» **RECORDS FOR PROCESSING**
----------

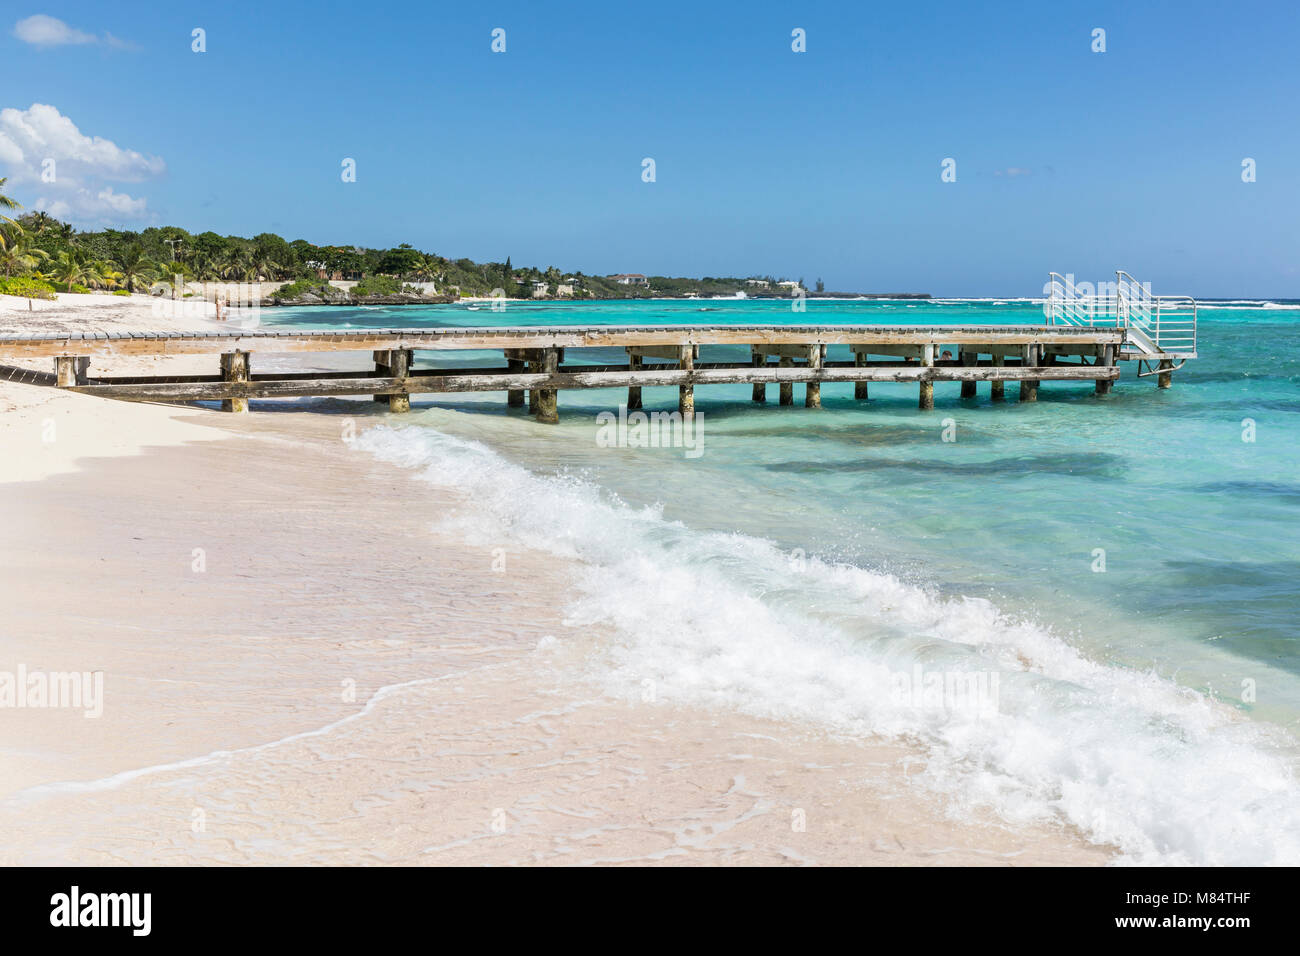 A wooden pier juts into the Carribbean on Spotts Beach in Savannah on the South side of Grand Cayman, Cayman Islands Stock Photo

----------

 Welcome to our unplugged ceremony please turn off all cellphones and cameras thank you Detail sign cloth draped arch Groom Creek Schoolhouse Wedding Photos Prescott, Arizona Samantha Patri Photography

----------

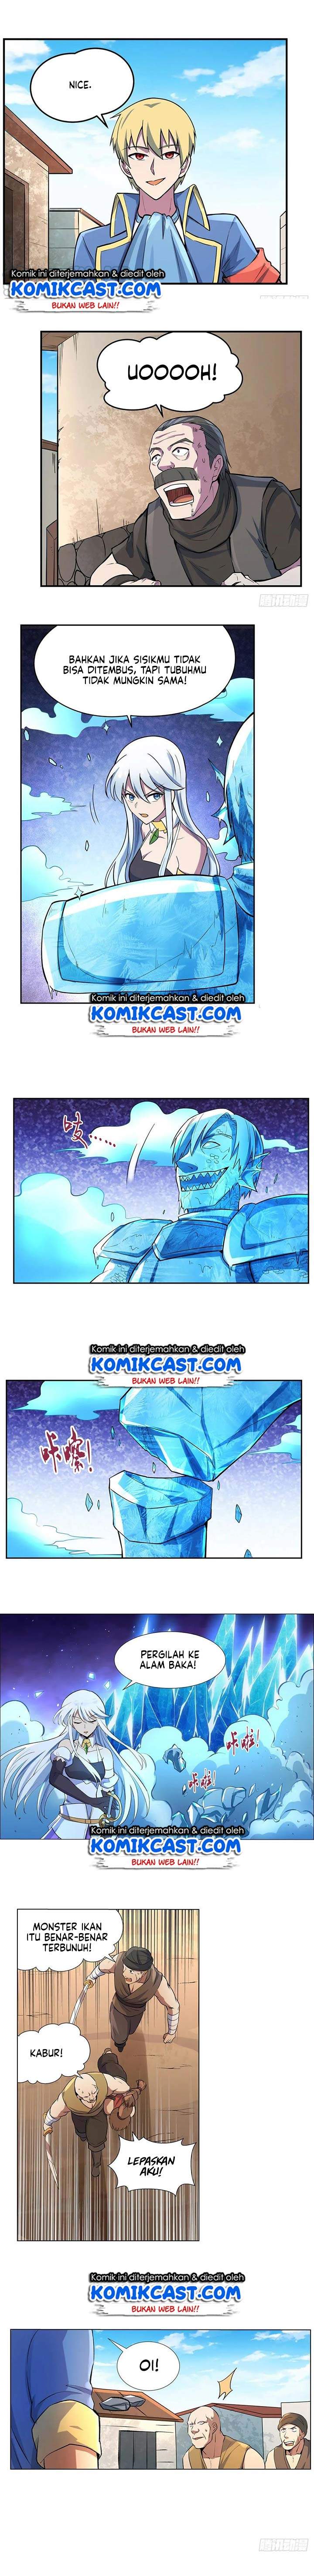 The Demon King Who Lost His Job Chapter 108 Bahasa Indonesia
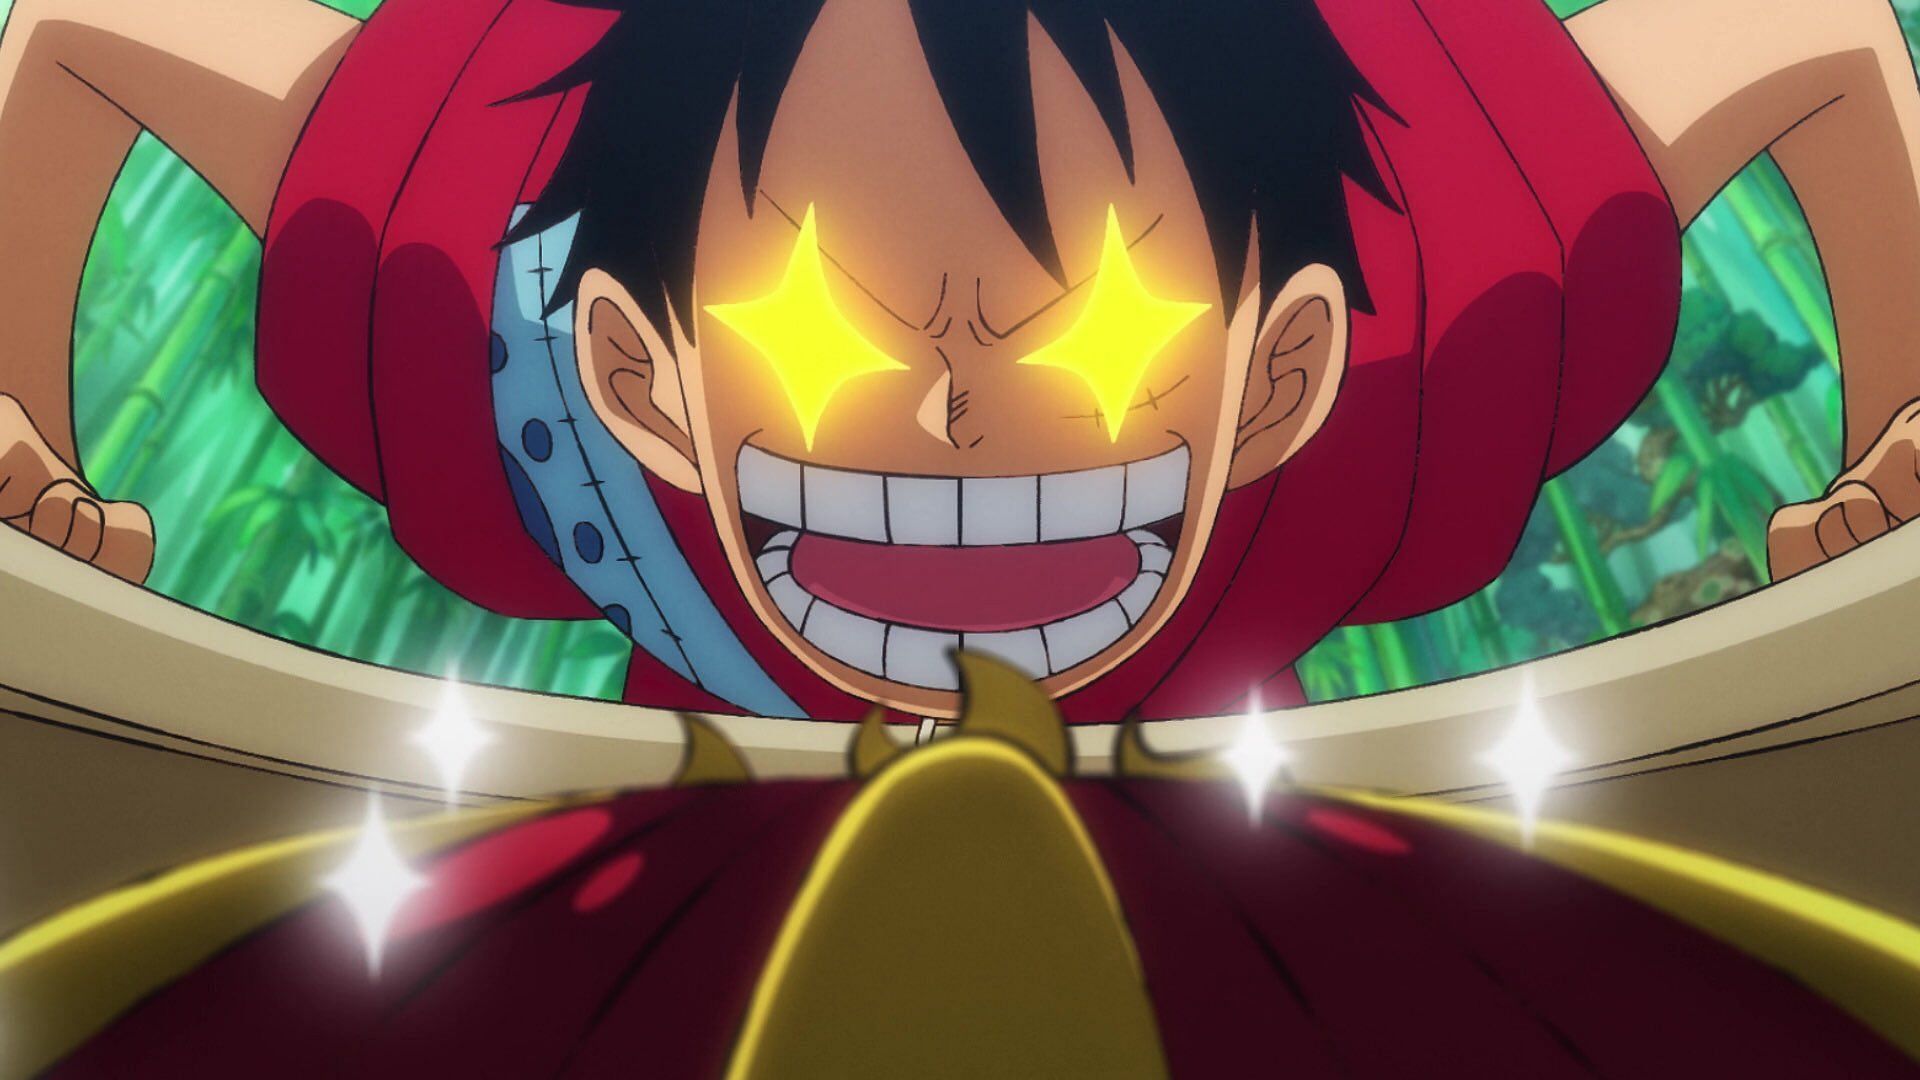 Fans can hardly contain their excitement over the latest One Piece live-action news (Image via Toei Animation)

----------

» **EXERCISE AIM**
Beginning at the line above that contains "The Demon King" and going on through the line that contains "Fans can hardly", please copy every line exactly, leaving the pictures out and adding nothing.

» **RESPONSE AREA**
 The Demon King Who Lost His Job Chapter 108 Bahasa Indonesia
 Fans can hardly contain their excitement over the latest One Piece live-action news (Image via Toei Animation)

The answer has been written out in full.